Photon blockade induced Mott transitions, spin models, and QIP in coupled micro-cavity arrays.

The studies of insulator to superfluid transitions in many body systems and their realization in optical lattices have opened great possibilities for simulating many body systems. It is thus interesting to explore which other systems permit such phases and simulations, especially if the problem of accessibility of the individual sites is not present. Particularly arresting will be to find such phases in a system of photons which, by being non-interacting, are unlikely candidates for the studies of many-body phenomena.

Together with M. Santos(Univ. of Minas Gerais) and S. Bose(UCL) I have managed to show , that a Mott phase can arise in an array of coupled high Q electromagnetic cavities between which photons can hop, when each cavity is coupled to a single two level system. The latter could be an atom or a quantum dot or even a Cooper pair box. In this phase each atom-cavity system has the same integral number of polaritonic (atomic plus photonic) excitations. It occurs for resonant photonic and atomic frequencies when photon blockade provides an effective repulsion between the excitations in each atom-cavity system. Detuning the atomic and photonic frequencies suppresses this repulsion and induces a transition from the Mott phase to a photonic superfluid. We have also shown that for zero detuning, the system can simulate the dynamics of a spin chain with arbitrary number of excitations. This could be used for various quantum information processing

The most promising technologies for implementing these ideas are shown in the illustration above. In the first, an array of coupled defects in a photonic band gap material is shown. These could be doped with single atoms, or quantum dots already existing in the substrate. The second one is showing a series of coupled toroidal microresonators. Here single atoms could be trapped near the surface and coupled with the resonator’s circulating light modes. The third one describes a circuit quantum electrodynamics architecture. There two superconducting charged qubits-Cooper pair boxes-are coupled strongly to a coplanar transmission line resonator.

Photon blockade induced Mott transitions and XY spin models in coupled cavity arrays.

quant-ph/0606159 also in  Phys. Rev. A (Rap. Com.) vol. 76, 031805 (2007)

Presentation on the above work

Media coverage

This work was the subject of an exclusive feature article in New Scientist, 13 January 2007, p. 42, by Mark Buchanan entitled

‘Engaging photons in light conversation’

It has also appeared in the news section of the

UK Quantum Information Processing Interdisciplinary Research Collaboration (QIPIRC)

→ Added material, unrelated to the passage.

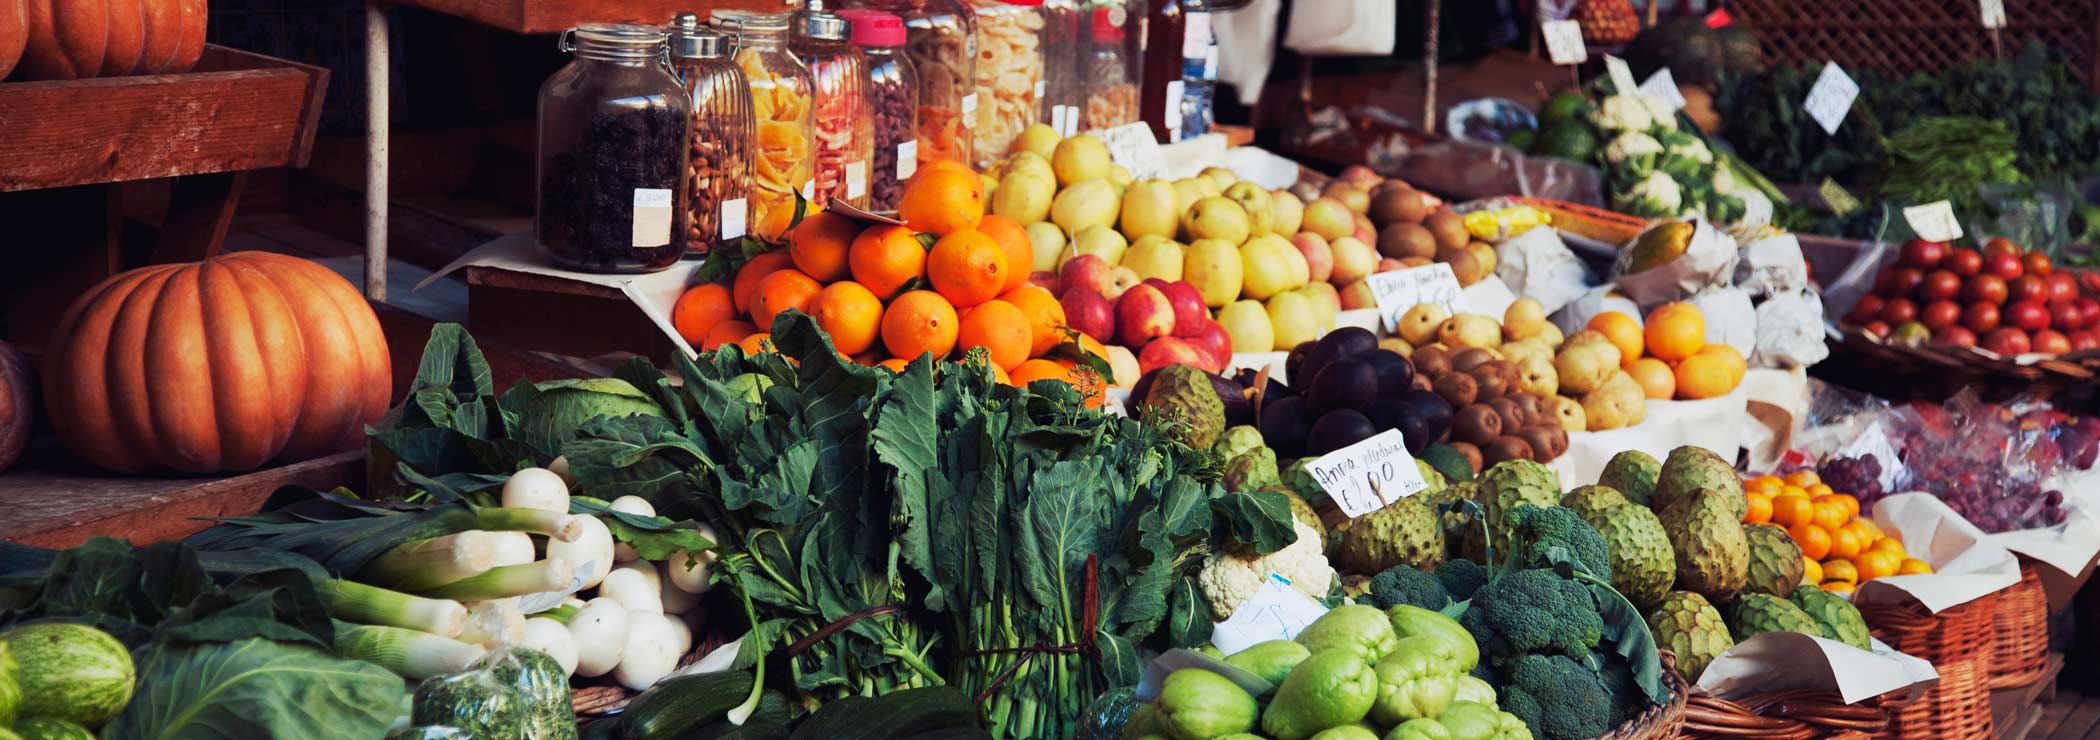 Marktstand mit tropischen Früchten und Gemüsen

Reproducing spin lattice models in strongly coupled atom-cavity systems

http://arxiv.org/abs/0802.0488

 In an array of coupled cavities where the cavities are doped with an atomic V-system, and the two excited levels couple to cavity photons of different polarizations, we show how to construct various spin models employed in characterizing phenomena in condensed matter physics, such as the spin-1/2 Ising, XX, Heisenberg, and XXZ models. The ability to construct networks of arbitrary geometry also allows for the simulation of topological effects. By tuning the number of excitations present, the dimension of the spin to be simulated can be controlled, and mixtures of different spin types produced. The facility of single-site addressing, the use of only the natural hopping photon dynamics without external fields, and the recent experimental advances towards strong coupling, makes the prospect of using these arrays as efficient quantum simulators promising.

http://arxiv.org/abs/0712.2413

We propose a scheme to generate two-photon polarization entangled states with a coupled system of two cavities. In our scheme, two cavity photons are mediated by the direct inter-cavity coupling, while atoms introduced into the cavities simply play the role of generating and probing them. In virtue of the high efficiency of atomic state measurement, this method enables the realization of a heralded entanglement source, which greatly facilitates

quantum communication and quantum computation based on single photons.

Simulation of high-spin Heisenberg chains in coupled cavities 

http://arxiv.org/abs/0802.3365

We propose a scheme to realize the antiferromagnetic Heisenberg model of any spin in an array of coupled cavities. Our scheme is based on a fixed number of atoms confined in each cavity and collectively applied constant laser fields, and is in a regime where both atomic and cavity excitations are suppressed. It is shown that as well as optically controlling the effective spin-chain Hamiltonian, it is also possible to engineer the magnitude of the spin. Our scheme would open up an unprecedented way to simulate otherwise intractable high-spin problems in many-body physics.

Steady state entanglement between distant hybrid light-matter qubits under classical driving

http://arxiv.org/abs/0711.1830

 We study the case of two polaritonic qubits localized in two separate cavities coupled by a fiber/additional cavity. We show that surprisingly enough, even a coherent classical pump in the intermediate cavity/fiber can lead to the creation of entanglement between the two ends in the steady state. The stationary nature of this entanglement and its survival under dissipation opens possibilities for its production under realistic laboratory conditions. To facilitate the verification of the entanglement in an experiment we also construct the relevant entanglement witness measurable by accessing only a few local variables of each polaritonic qubit.